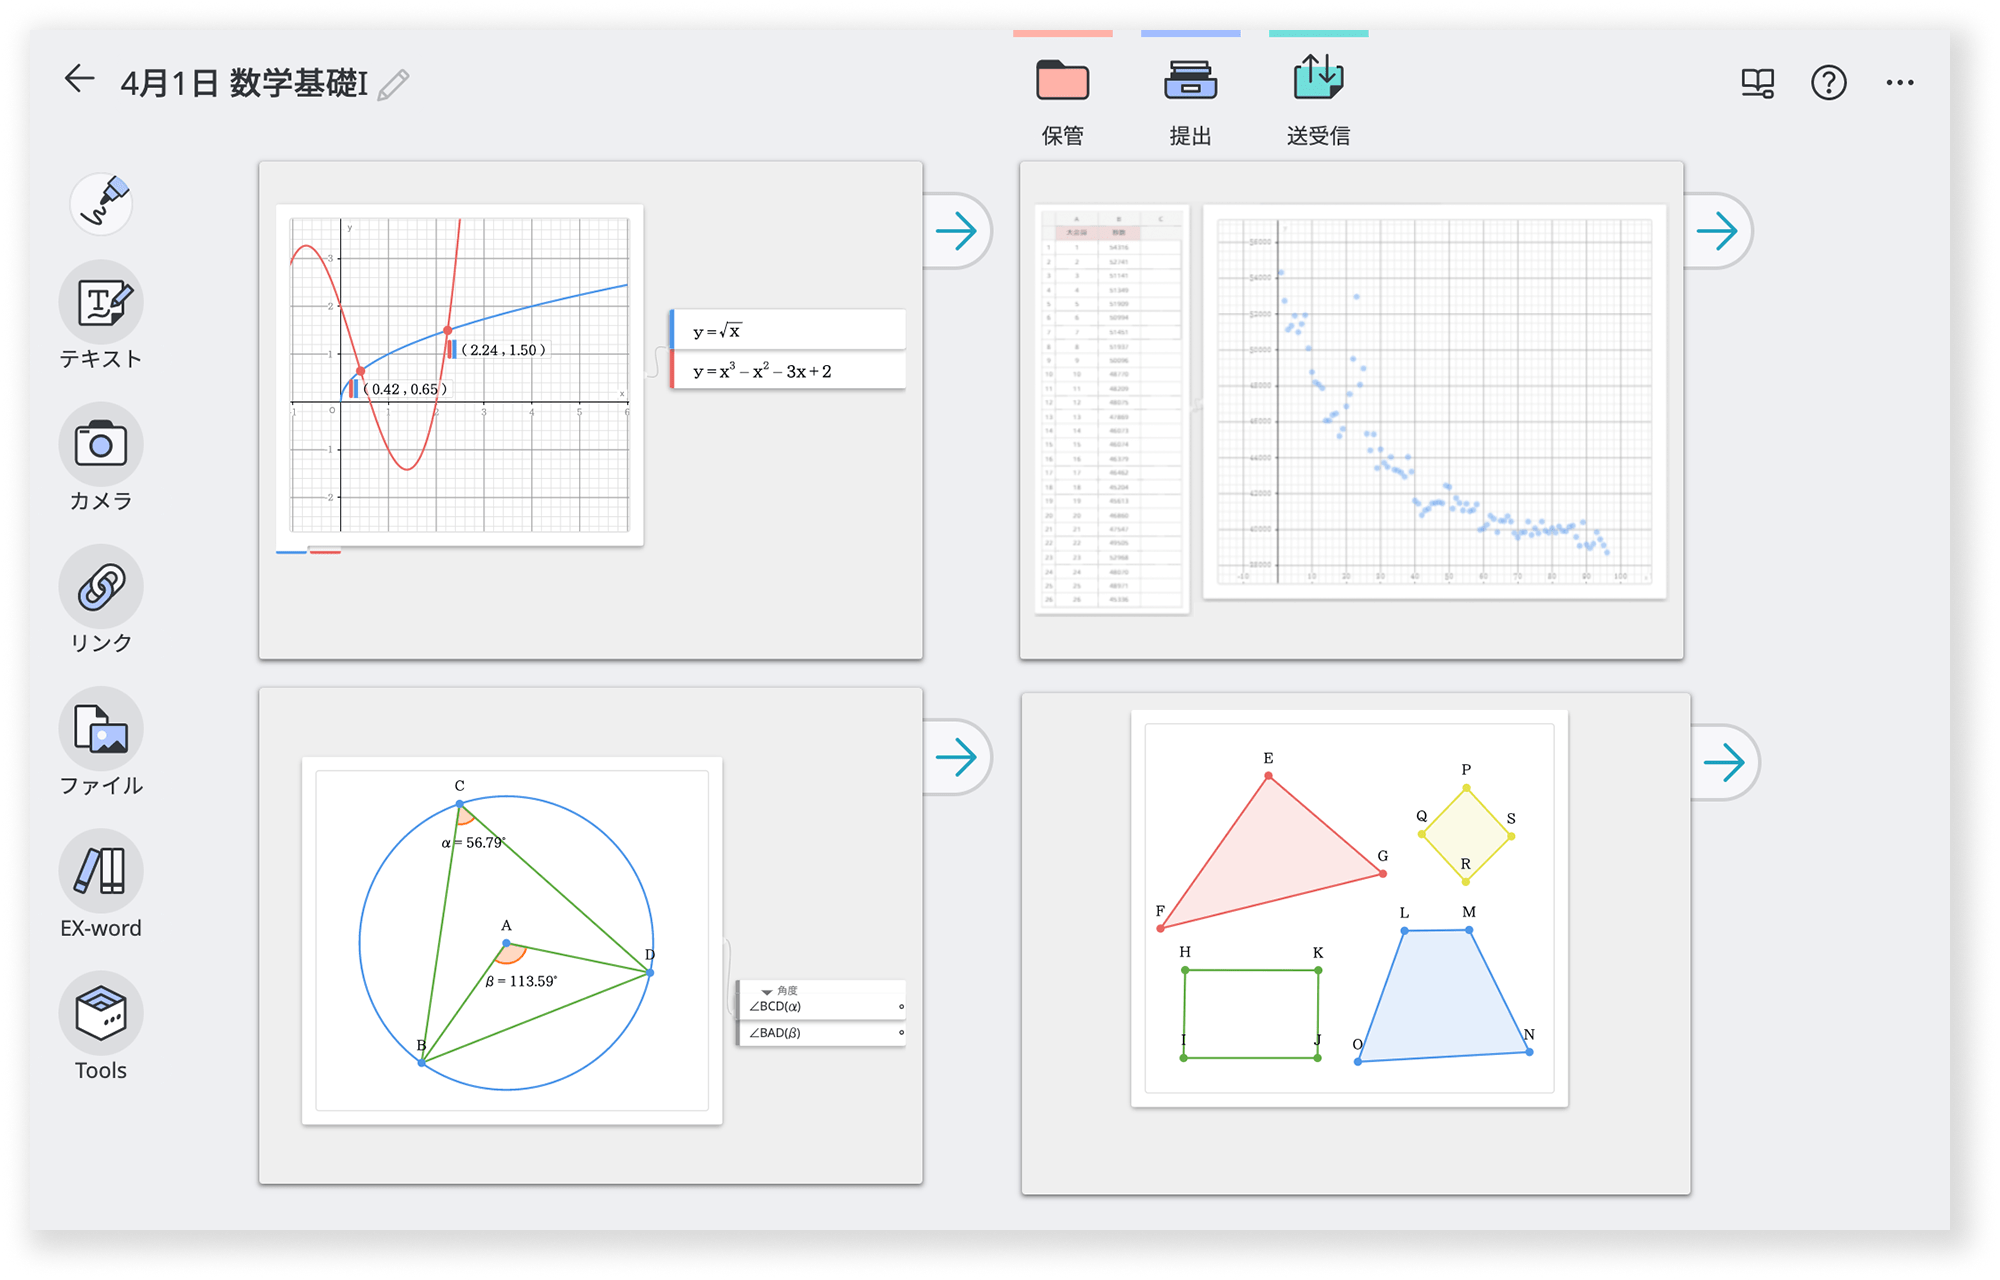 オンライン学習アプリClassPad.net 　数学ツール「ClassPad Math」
--
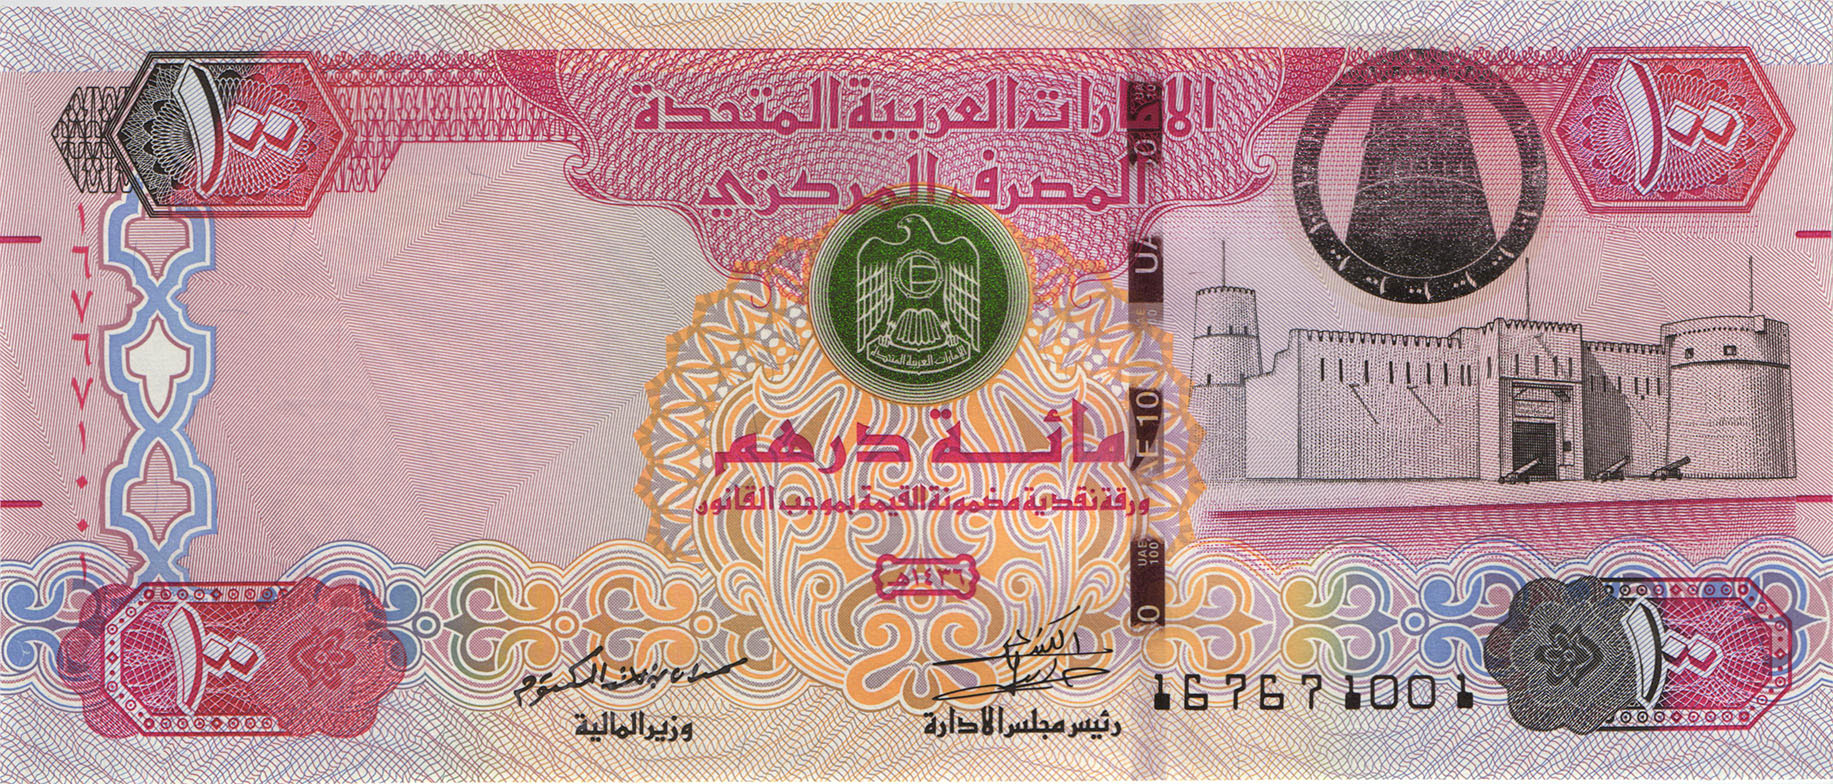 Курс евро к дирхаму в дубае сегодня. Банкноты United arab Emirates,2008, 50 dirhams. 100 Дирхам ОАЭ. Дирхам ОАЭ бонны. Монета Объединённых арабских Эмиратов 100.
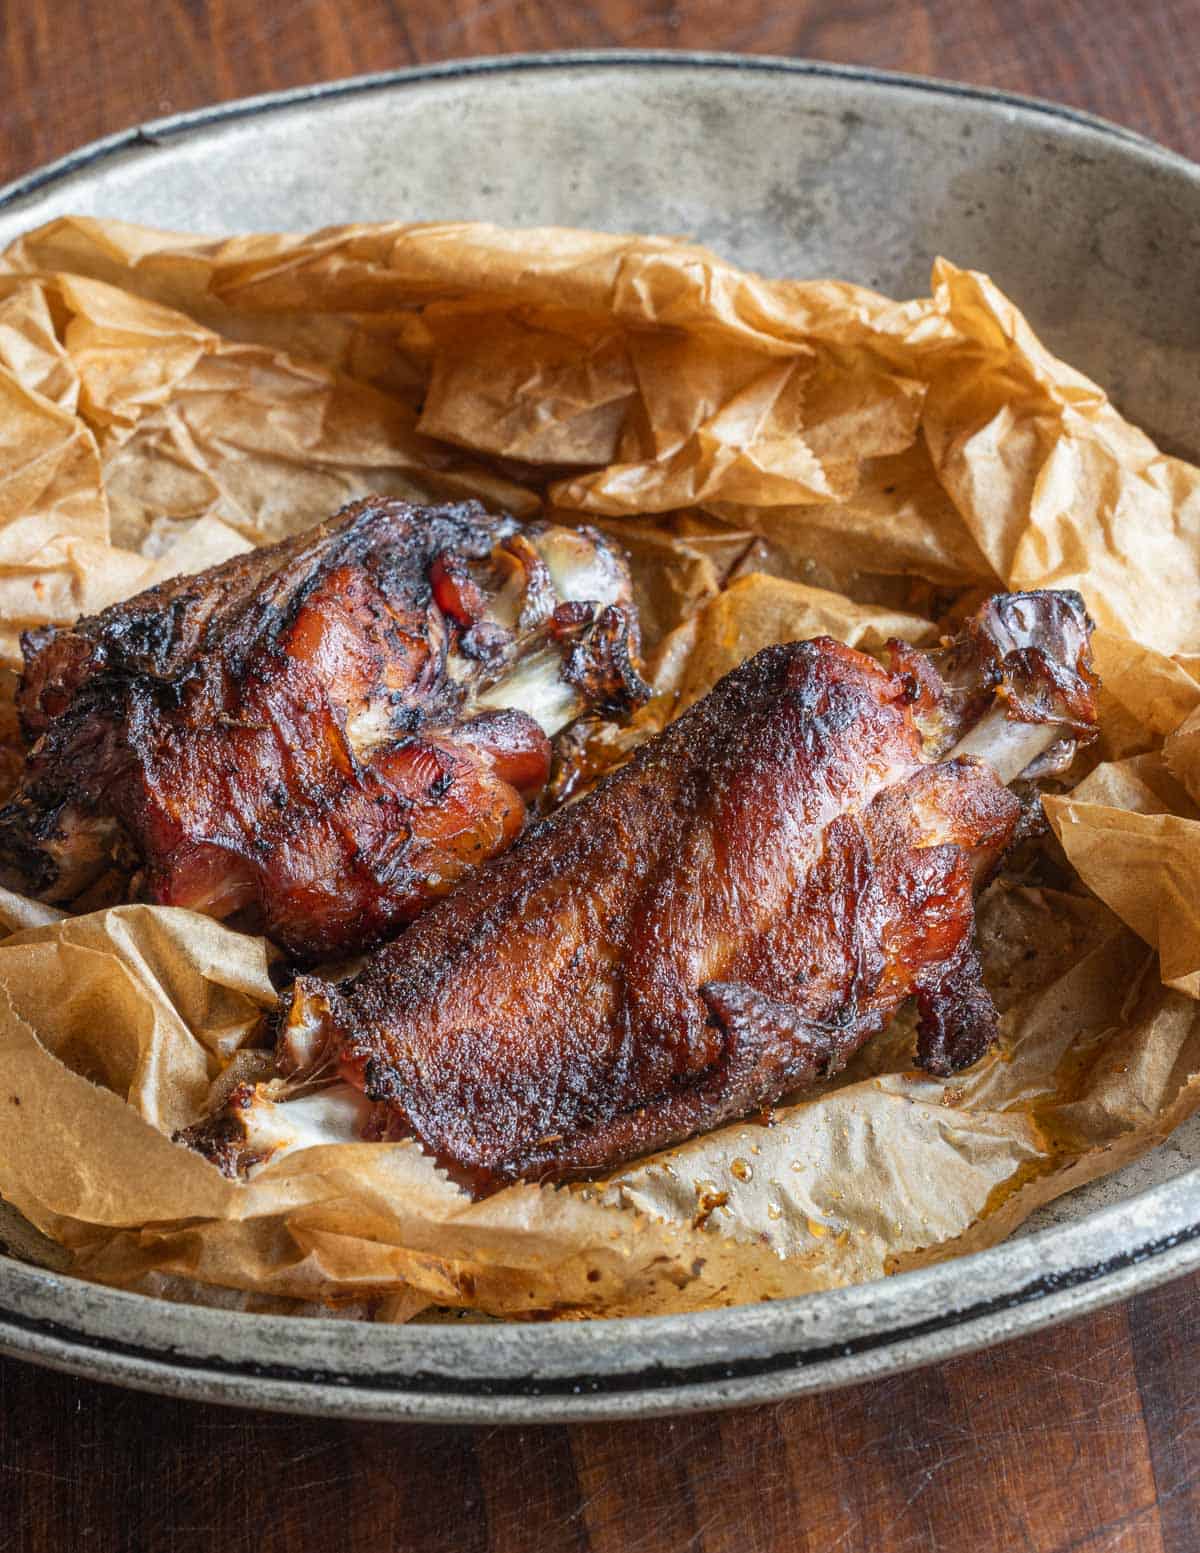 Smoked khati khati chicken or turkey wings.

REQUIREMENT: From the records above, return exactly the lines running from the one that contains "Курс евро к" down to the one that contains "Smoked khati khati chicken or turkey wings.", both included, without any pictures.

EXERCISE OUTPUT:
 Курс евро к дирхаму в дубае сегодня. Банкноты United arab Emirates,2008, 50 dirhams. 100 Дирхам ОАЭ. Дирхам ОАЭ бонны. Монета Объединённых арабских Эмиратов 100.
 Smoked khati khati chicken or turkey wings.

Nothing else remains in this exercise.